Foco
Com 'jacaré' que simboliza os EUA, balé homenageia Chávez
No meio da apresentação, as luzes do palco se apagam, e as da sala se acendem. As pessoas na plateia se viram umas para as outras, sem entender.
De repente, os olhares são atraídos para o alto, onde três atores vestidos de militar e agarrados em cordas começam a descer do teto.
A plateia explode em gritos e aplausos ao reconhecer a cena: o "heroico levante" --também conhecido como golpe de Estado-- liderado pelo até então anônimo comandante Hugo Chávez em 1992.
A insurreição, que fracassou, mas levou Chávez à fama, é um dos momentos marcantes do balé "De ambulante a libertador: uma homenagem ao gigante", obra de propaganda bancada pelo governo.
A peça foi apresentada na sexta e no sábado passados em Caracas e fará turnê no interior no segundo semestre.
O balé estreou em março do ano passado e teve duas apresentações em novembro.
Com duração de uma hora, a obra de dança contemporânea narra, em três atos, a trajetória de Chávez num tom digno da ideologia norte-coreana.
Toda a mitologia do comandante é retratada: a infância humilde na savana; a educação política; a chegada ao poder; os ataques por parte da oposição e dos EUA, incluindo a tentativa de golpe, em 2002; e a última aparição pública, quando Chávez, já esgotado pelo câncer, encerrou a campanha de 2012 cantando na chuva para uma multidão em transe.
"A ideia nasceu na fila do velório do comandante [em 2013]. Quis transformar a dor em ação criativa", diz a diretora Maria Claudia Rossell.
Ela afirma que o governo não interferiu na peça, apesar da clara tentativa de manter viva a chama da revolução chavista, diminuída desde a morte do líder.
A produção, financiada principalmente por bancos estatais, impressiona.
Quarenta jovens bailarinos se movimentam com fluidez pelo palco, ora juntando corpos para formar um jacaré gigante que simboliza os Estados Unidos, ora mimetizando imagens reais, projetadas num telão de fundo, mostrando o massacre de civis no "Caracazo", em 1989.
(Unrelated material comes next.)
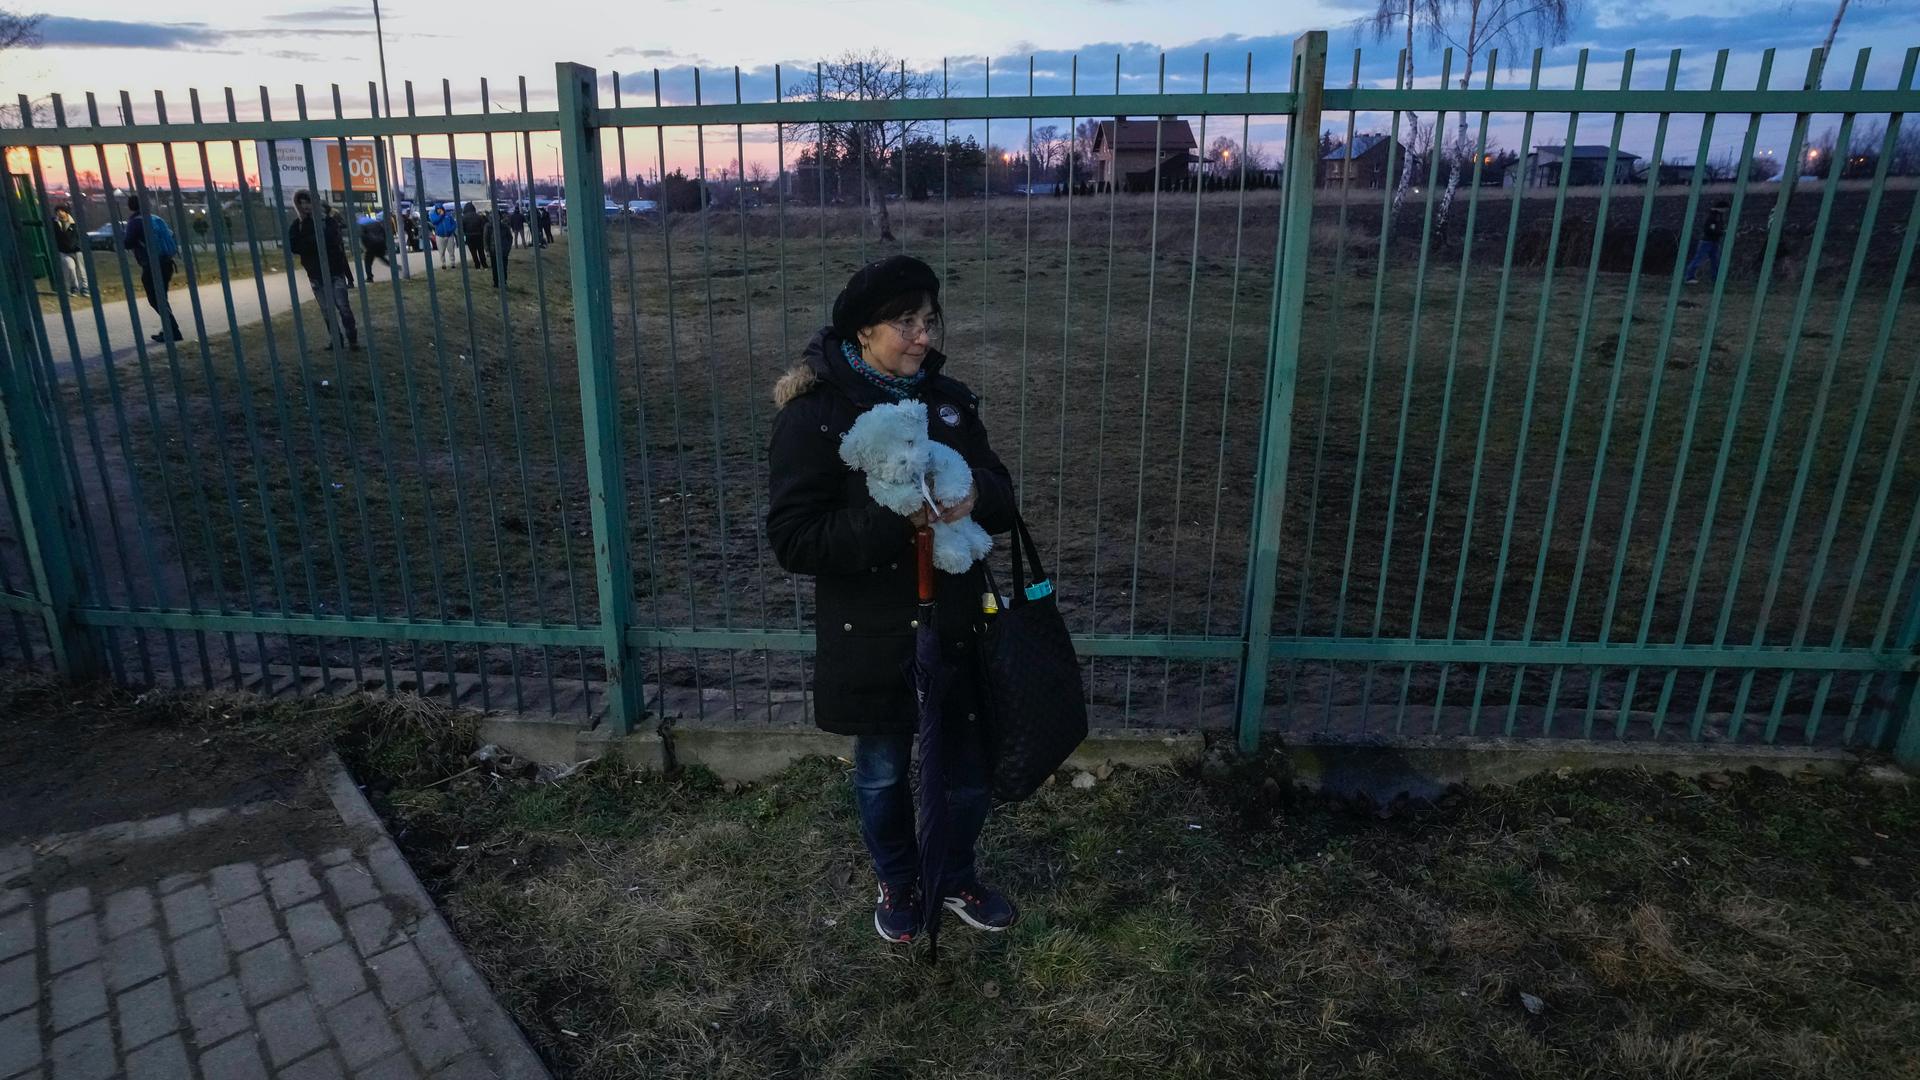 A Ukrainian woman waits for relatives fleeing the conflict from neighboring Ukraine at the border crossing in Medyka, southeastern Poland, on Feb. 25, 2022. UN officials said that 100,000 people were believed to have left their homes and estimated up to 4

A música mescla notas do hino nacional, cantos chavistas e trechos de batuque e jazz com arranjos modernos. No lugar das falas, o que mais se ouve são trechos de discursos de personagens históricos, como o ditador Marcos Pérez Jiménez (1953-1958), mas principalmente de Chávez.
O acender das luzes, ao fim da apresentação, revela rostos ao mesmo tempo chorosos e sorridentes. "Chávez vive", grita alguém. "A luta segue", respondem dezenas.
A sala não está cheia, apesar da entrada gratuita.
Quem comparece são os chavistas mais fervorosos. Os mesmos que formam os 20% de venezuelanos que ainda apoiam o governo e atribuem os graves problemas do país (economia em ruínas, desabastecimento, violência) a uma suposta conspiração golpista, não ao sucessor de Chávez, Nicolás Maduro.
"Maduro está fazendo o que pode. Temos de apoiá-lo para que a revolução continue", diz o professor universitário Prudencio Chacon, 64.
"O cristianismo continuou sem Cristo. O chavismo continua sem Chávez."